◆ **Exercise directions**:
An exact retyping of all lines below is the answer; pictures do not belong in it.

◆ **Data below**:

◇ ◇ ◇ ◇

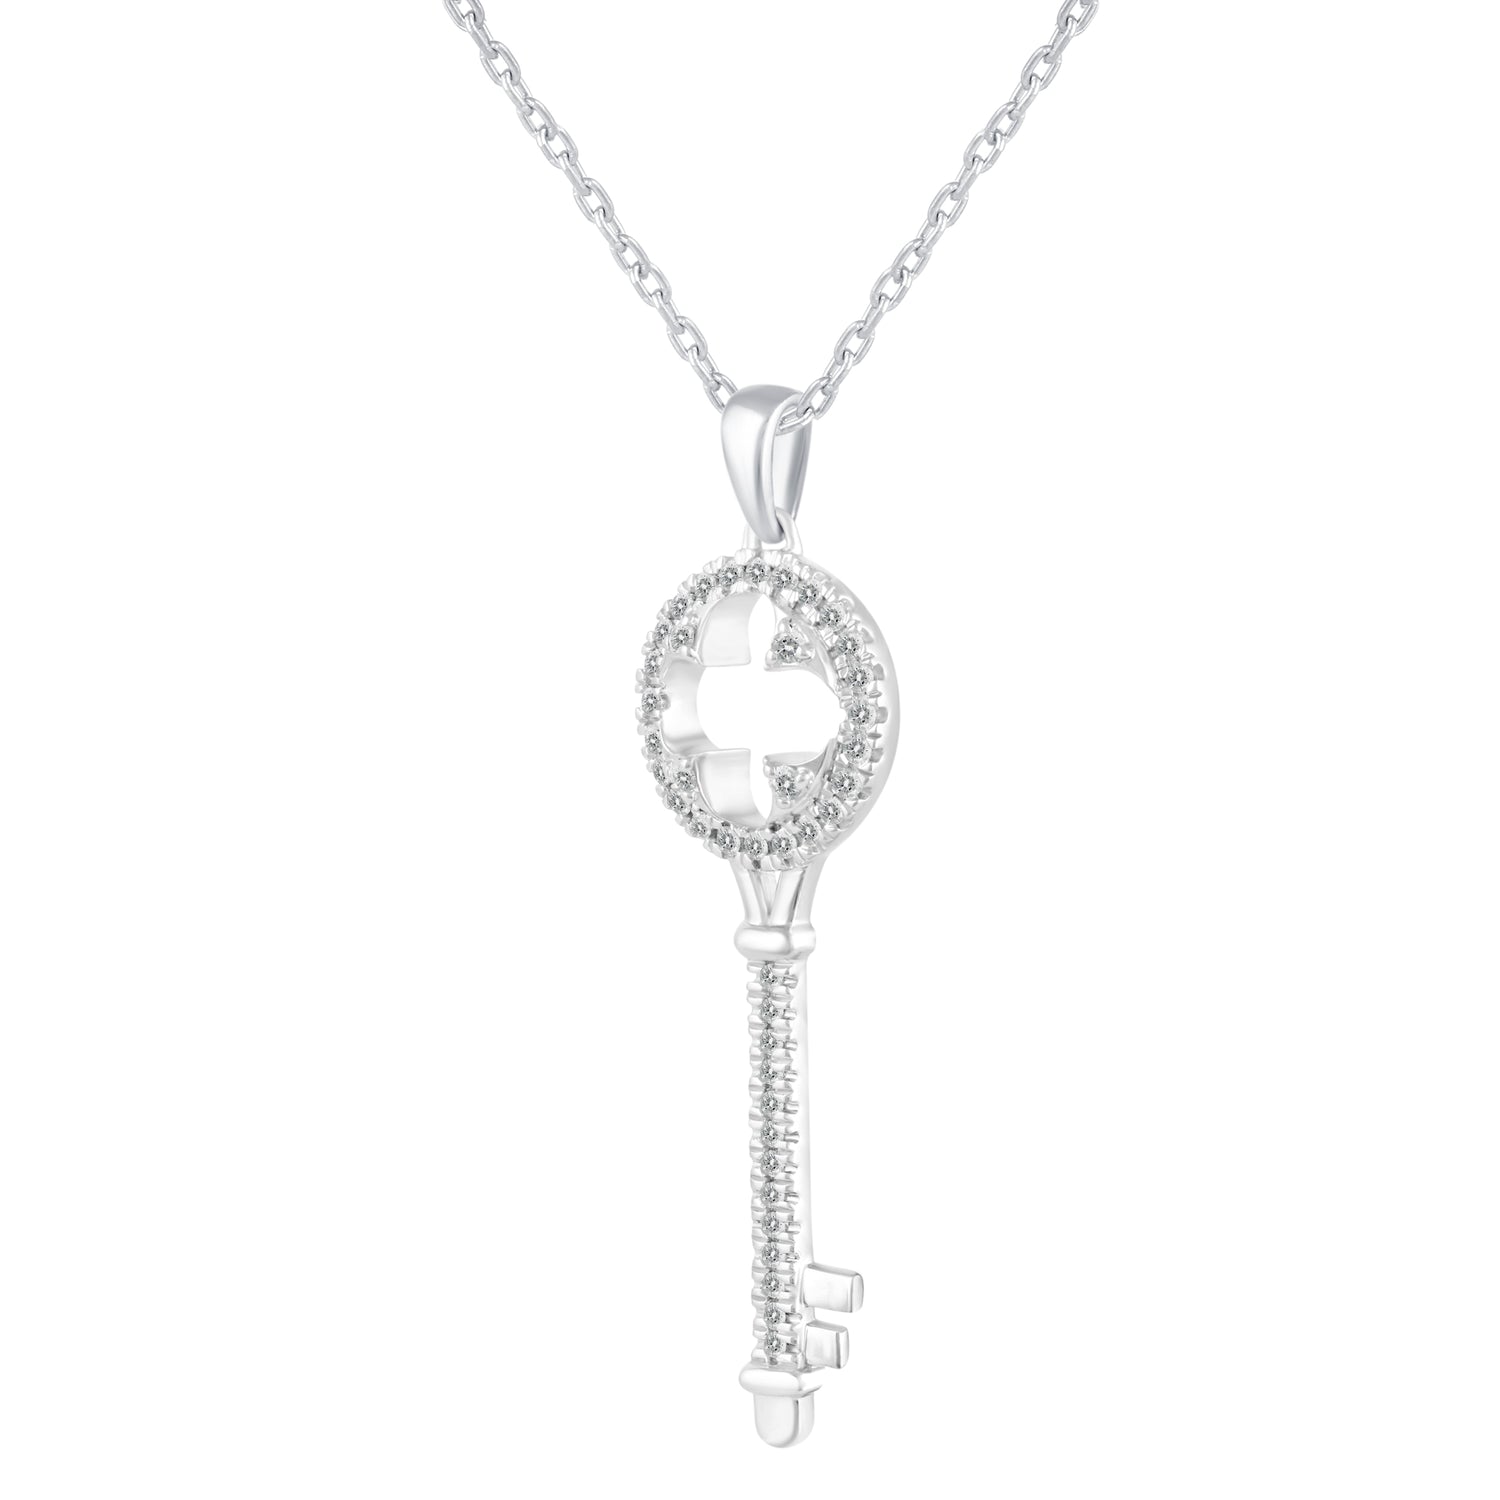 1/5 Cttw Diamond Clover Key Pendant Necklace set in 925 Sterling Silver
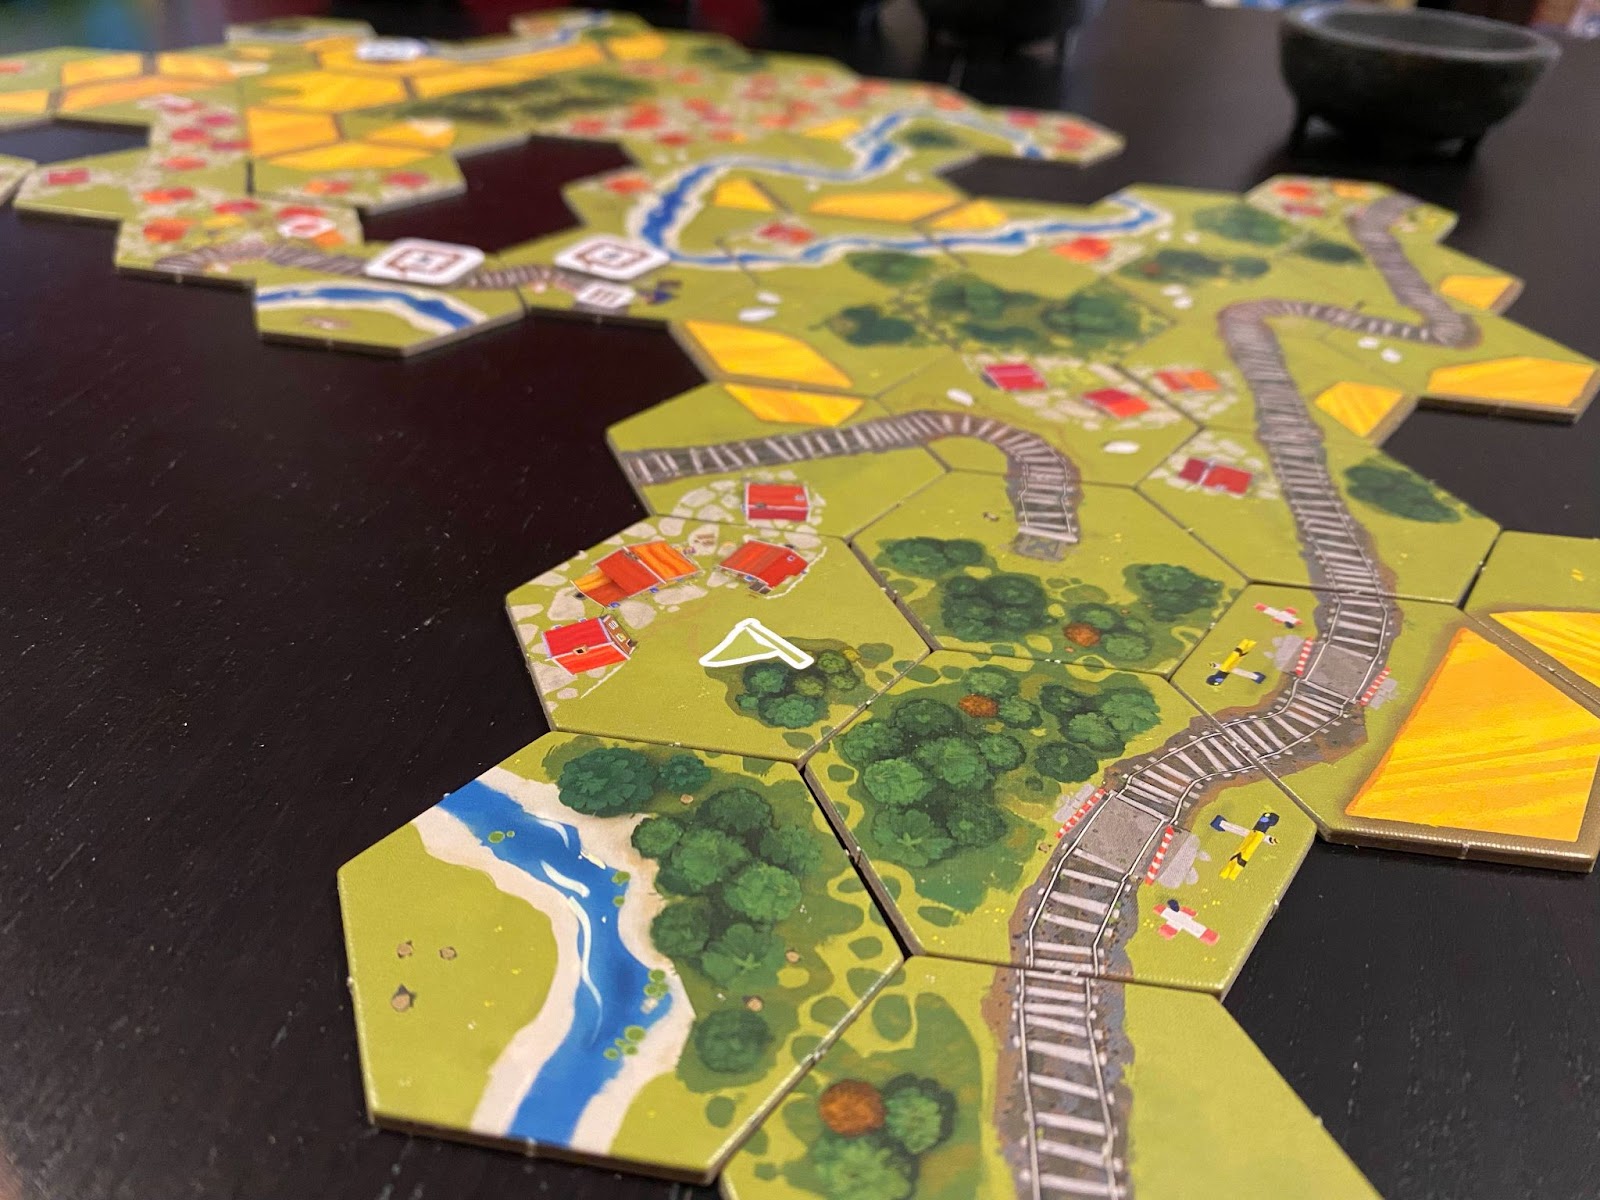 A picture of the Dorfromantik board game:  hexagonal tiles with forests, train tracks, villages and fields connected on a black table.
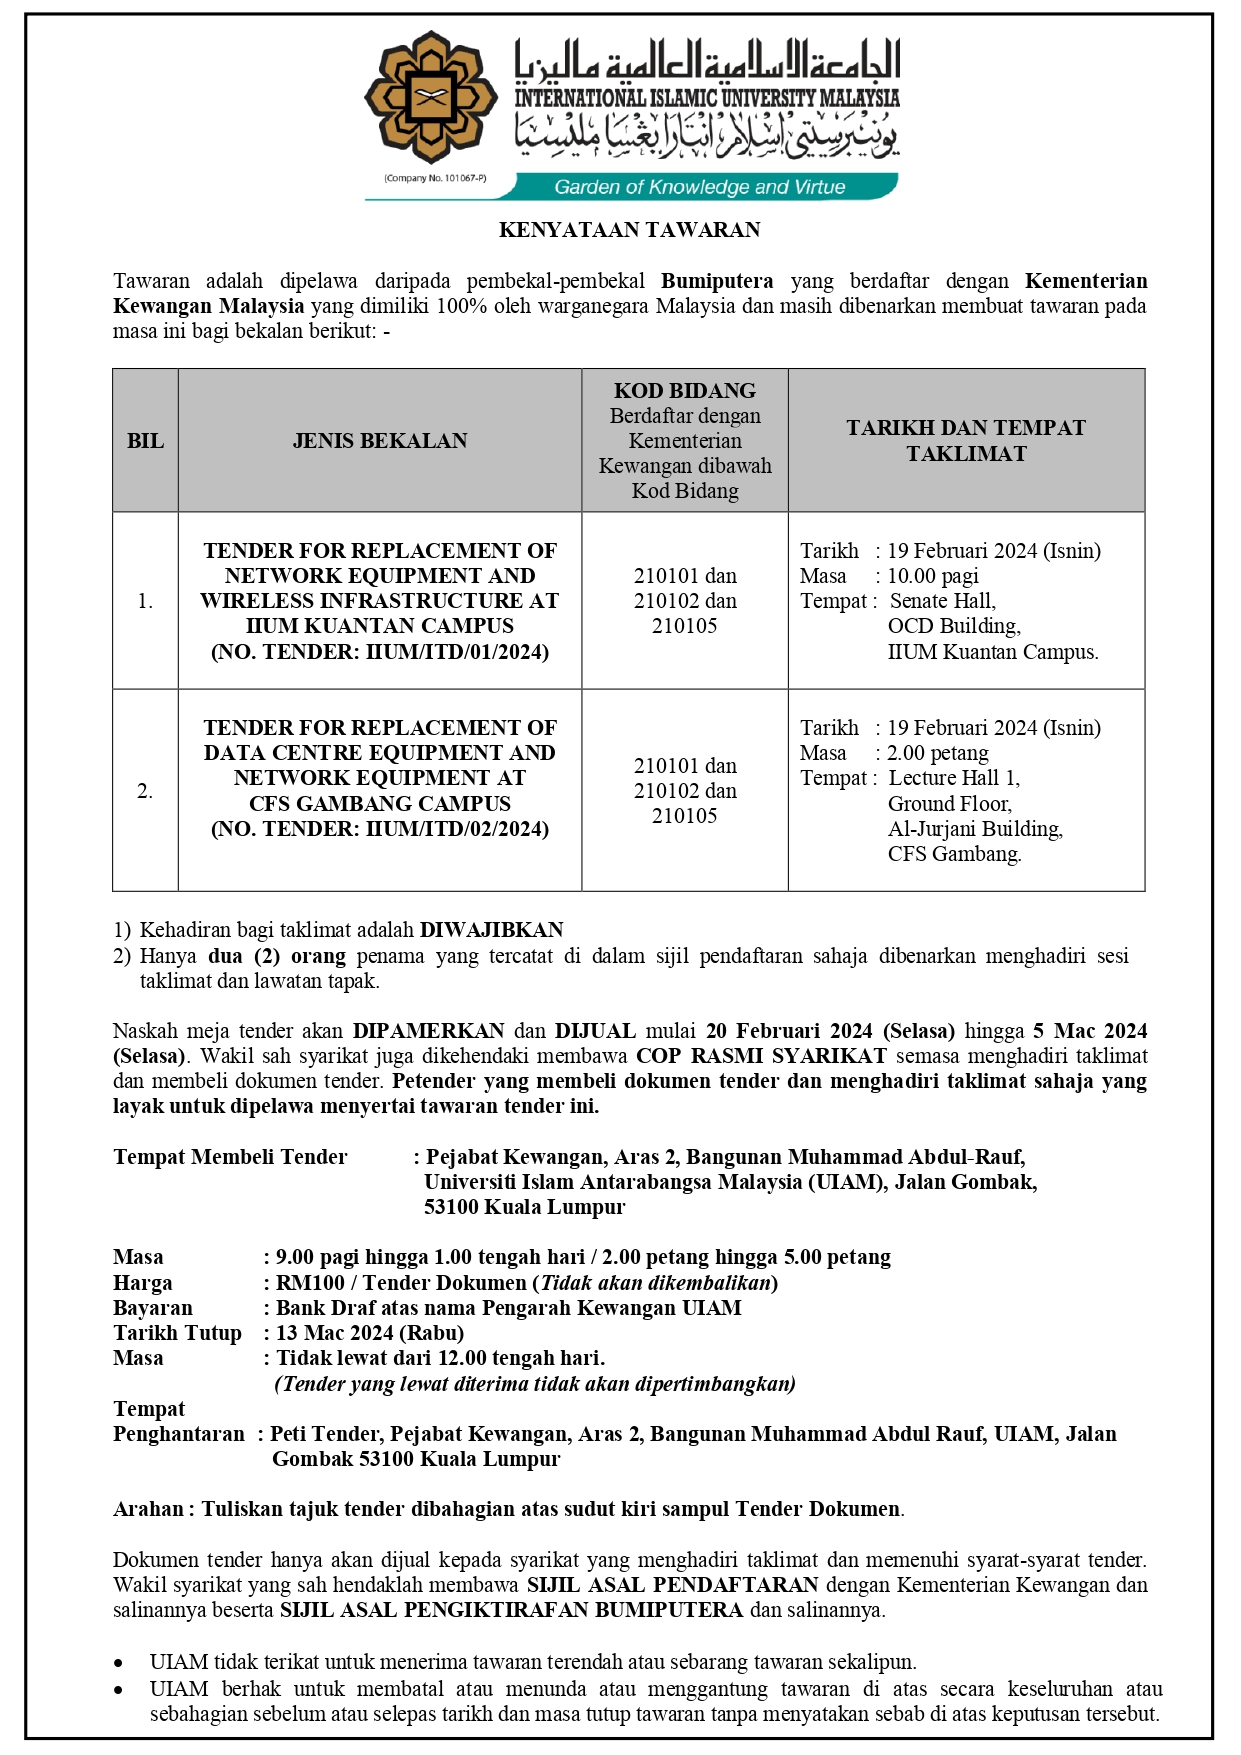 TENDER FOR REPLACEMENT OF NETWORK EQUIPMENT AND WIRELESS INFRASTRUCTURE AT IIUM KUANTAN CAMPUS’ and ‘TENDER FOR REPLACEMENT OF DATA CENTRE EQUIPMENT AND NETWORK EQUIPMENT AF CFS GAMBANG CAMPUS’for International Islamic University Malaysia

◇ ◇ ◇ ◇

◆ **Result of this task**:
 1/5 Cttw Diamond Clover Key Pendant Necklace set in 925 Sterling Silver
 A picture of the Dorfromantik board game:  hexagonal tiles with forests, train tracks, villages and fields connected on a black table.
 TENDER FOR REPLACEMENT OF NETWORK EQUIPMENT AND WIRELESS INFRASTRUCTURE AT IIUM KUANTAN CAMPUS’ and ‘TENDER FOR REPLACEMENT OF DATA CENTRE EQUIPMENT AND NETWORK EQUIPMENT AF CFS GAMBANG CAMPUS’for International Islamic University Malaysia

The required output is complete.